Tuning a biosensor to a specific operational range, in our case the range of lactate concentrations between healthy and cancerous levels, can be quite an experimental challenge. Therefore, we developed a mathematical model to characterise the system in two stages, first the lactate sensing-ability of the system was modelled using data from the lab, and then we combined it with a model based on data about a previously published CRISPR system and predicted how the system should be tuned in practice to our desired operational range.

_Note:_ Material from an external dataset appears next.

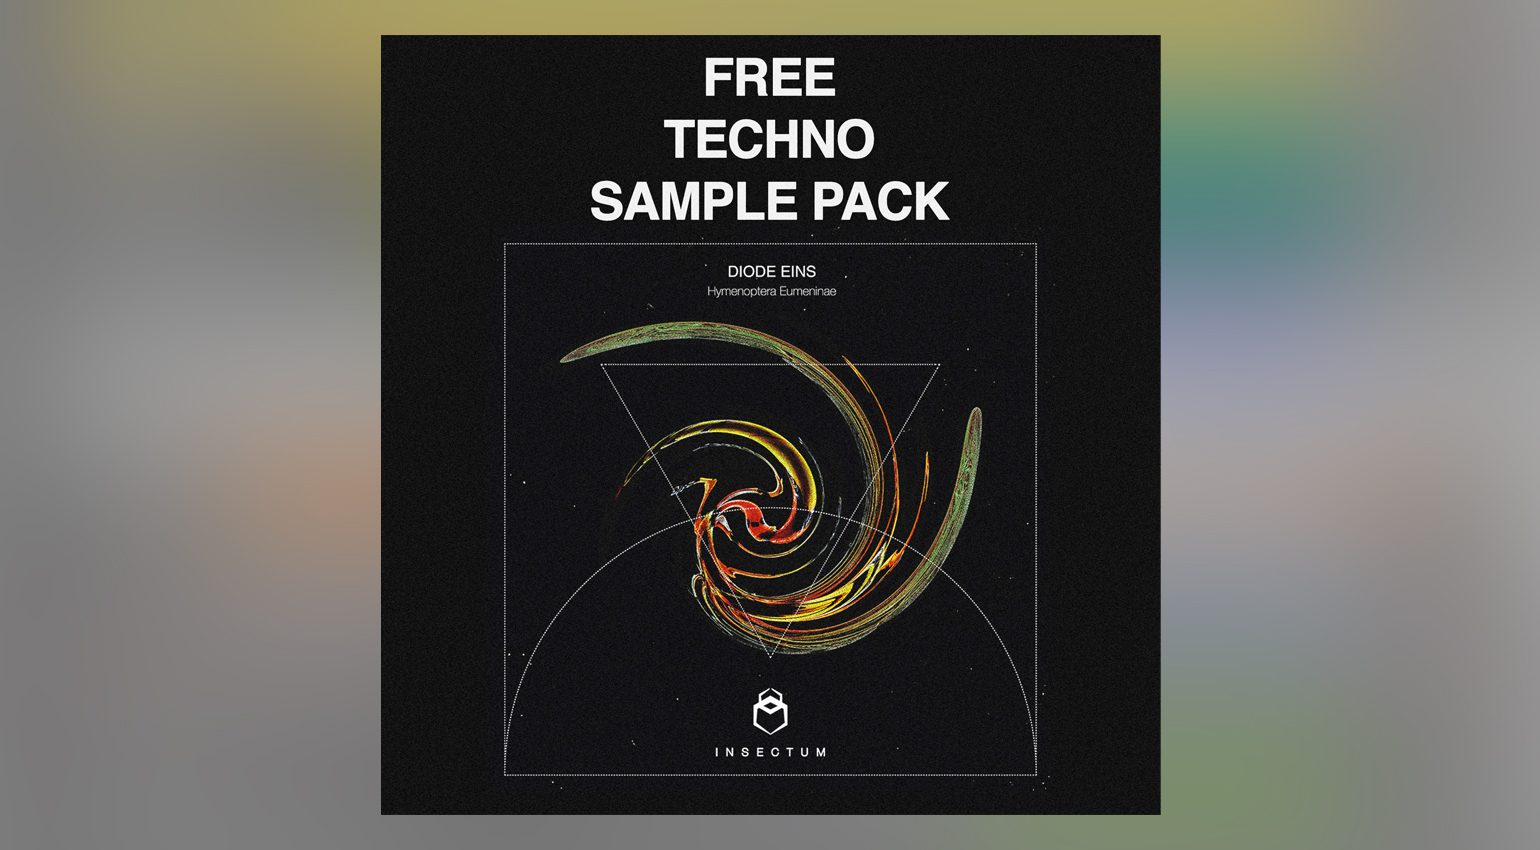 Diode Eins Free Techno Sample Pack

Specifically, with our model we can perform sensitivity analysis and test what happens when we change the parameters describing antisense and guide RNA and make an informed decision on our genetic circuit design. Sensitivity analysis has already been proven in the past to be a useful tool for predicting genetic circuit improvements [4].

Model explanation

Our model is based on ordinary differential equations, which describe the components of the system as they change over time. To construct the model, we first made a schematic in which we include all reactions and interactions that we thought possible for the initial biosensor constructed in the lab, which can be seen in Figure 2. For the biosensor including the CRISPRi-asRNA system we made the schematic in Figure 3.

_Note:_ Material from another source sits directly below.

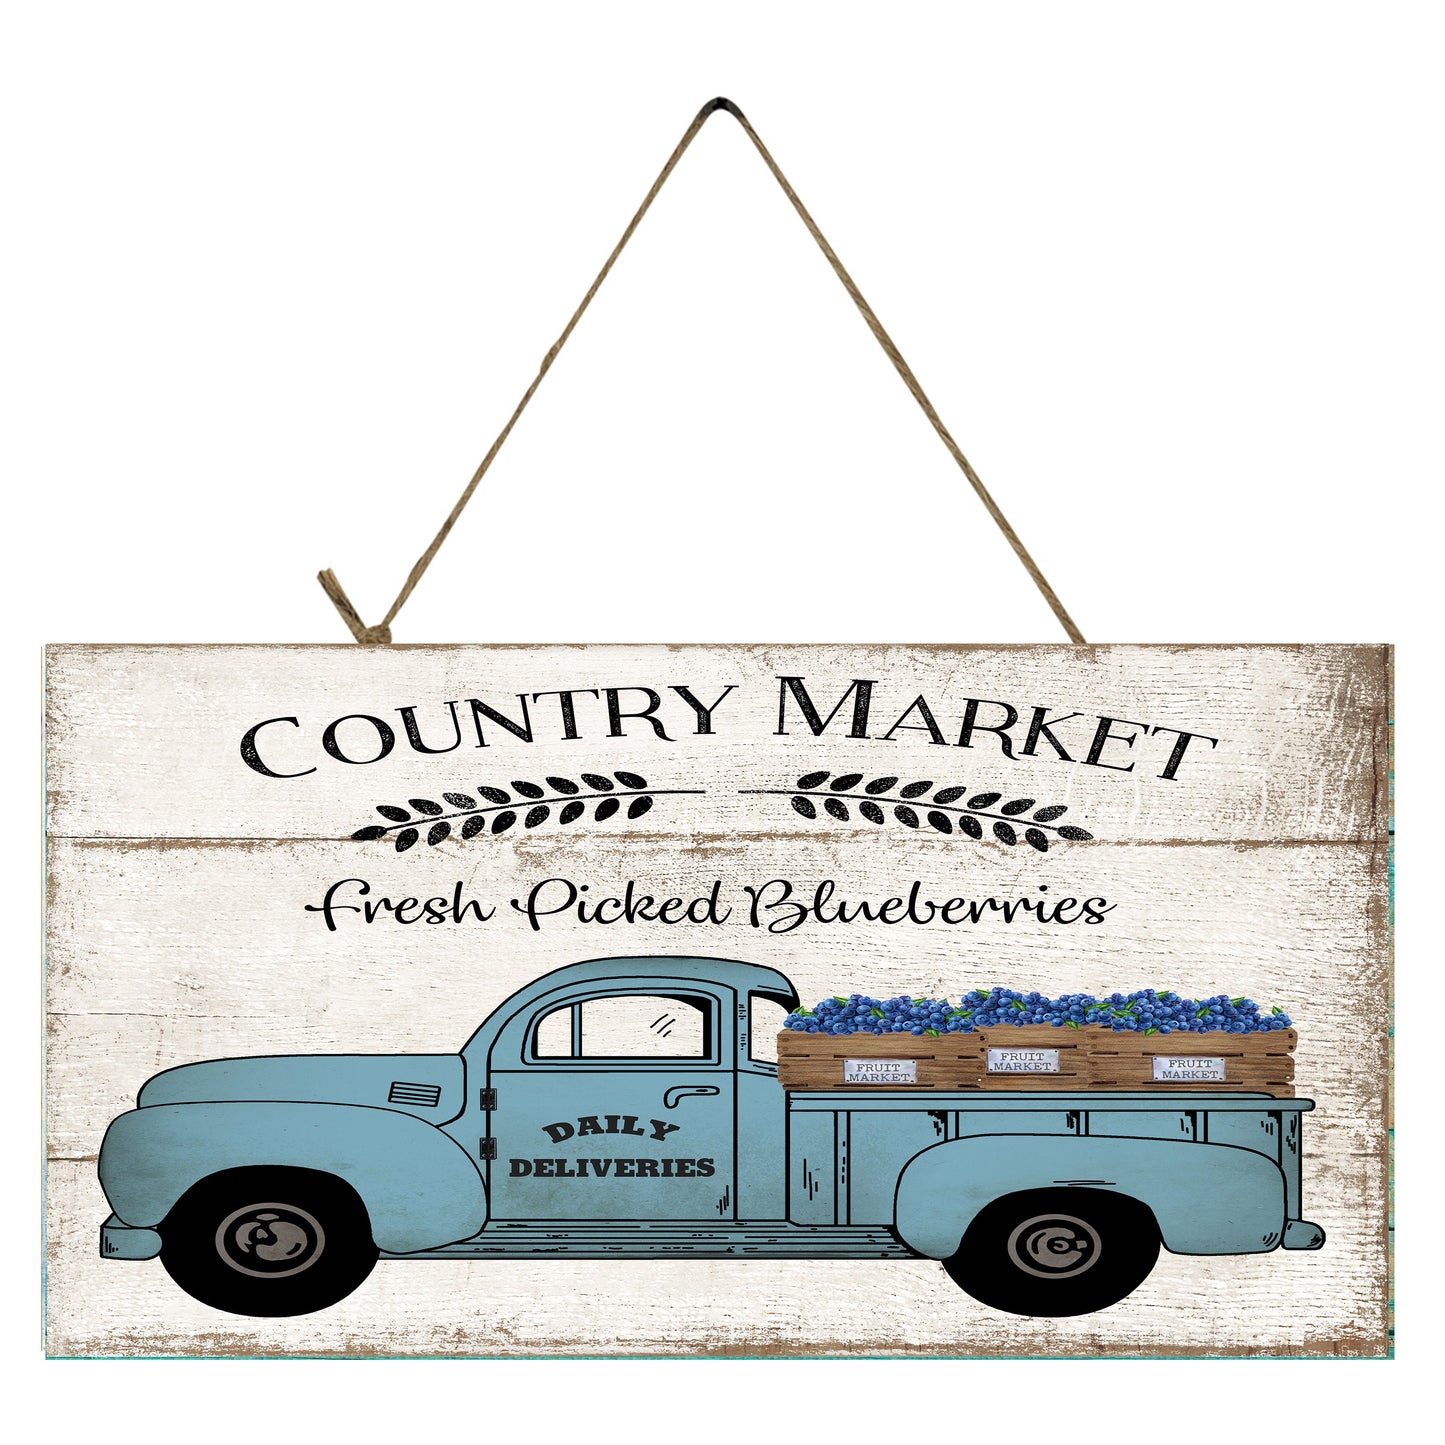 Blueberry Country Market Vintage Truck Printed Handmade Wood Sign

Figure 2: Schematic of the basic lactate sensing system. LldR represses GFP production but when LldR is bound to lactate, production of GFP is activated by the LldR-lactate complex instead. Purple lines represent production/degradation. The red line represents transcription repression, and the line represents transcription activation. Theta symbol represents the pool of amino acids and nucleotides, from which all species are produced and returned to once degraded or diluted.

Figure 3: Schematic of the system with the CRISPRi-asRNA system included. Purple lines represent production/degradation. The red line represents transcription repression, and the line represents transcription activation. Theta has been omitted for clarity.

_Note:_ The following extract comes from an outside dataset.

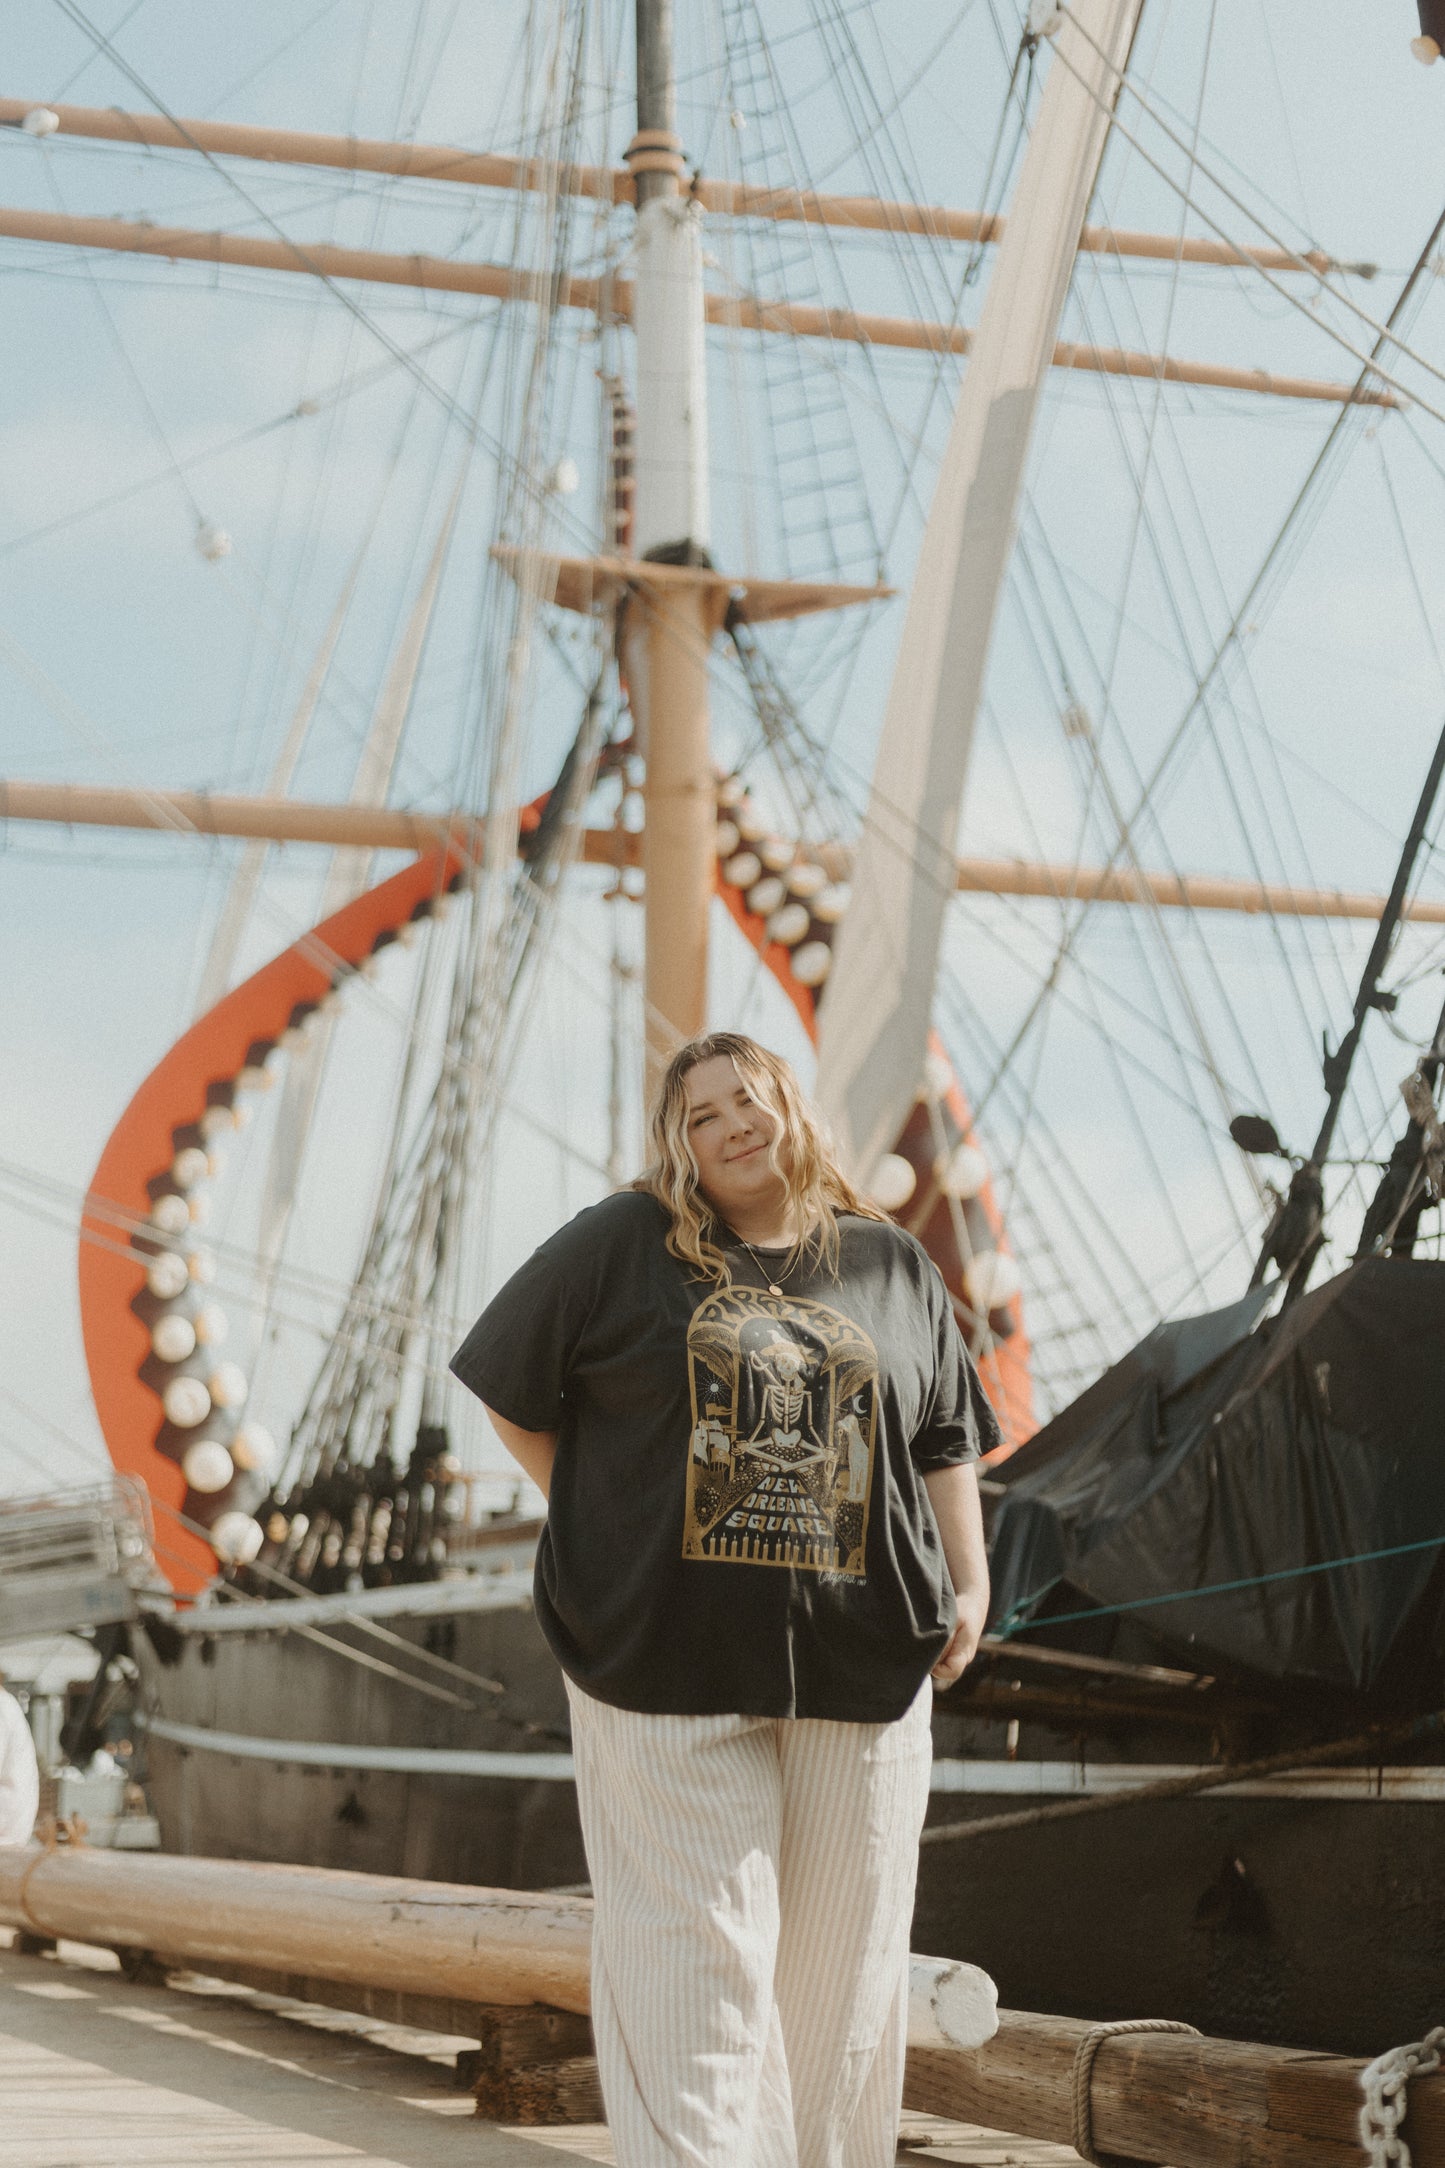 The Pirate Oversized Tee in Vintage Black

To construct our model from this schematic we use the law of mass action, a general but effective way to approximate reaction kinetics, which has been used for a long time [5]. To describe the interactions between LldR and the lactate responsive promoter, we used a framework set out by Andrew D. Keller [6]. For this we made some assumptions based on literature on how we think LldR operates [7]. We assume that the promoter can be in three states:

One where free LldR binds to the first operator site of the promoter, enabling weak transcription.
One where free LldR dimerizes and binds to both the first and second operator site, repressing transcription.
LldR-lactate complex can bind to the first operator site, strongly activating transcription.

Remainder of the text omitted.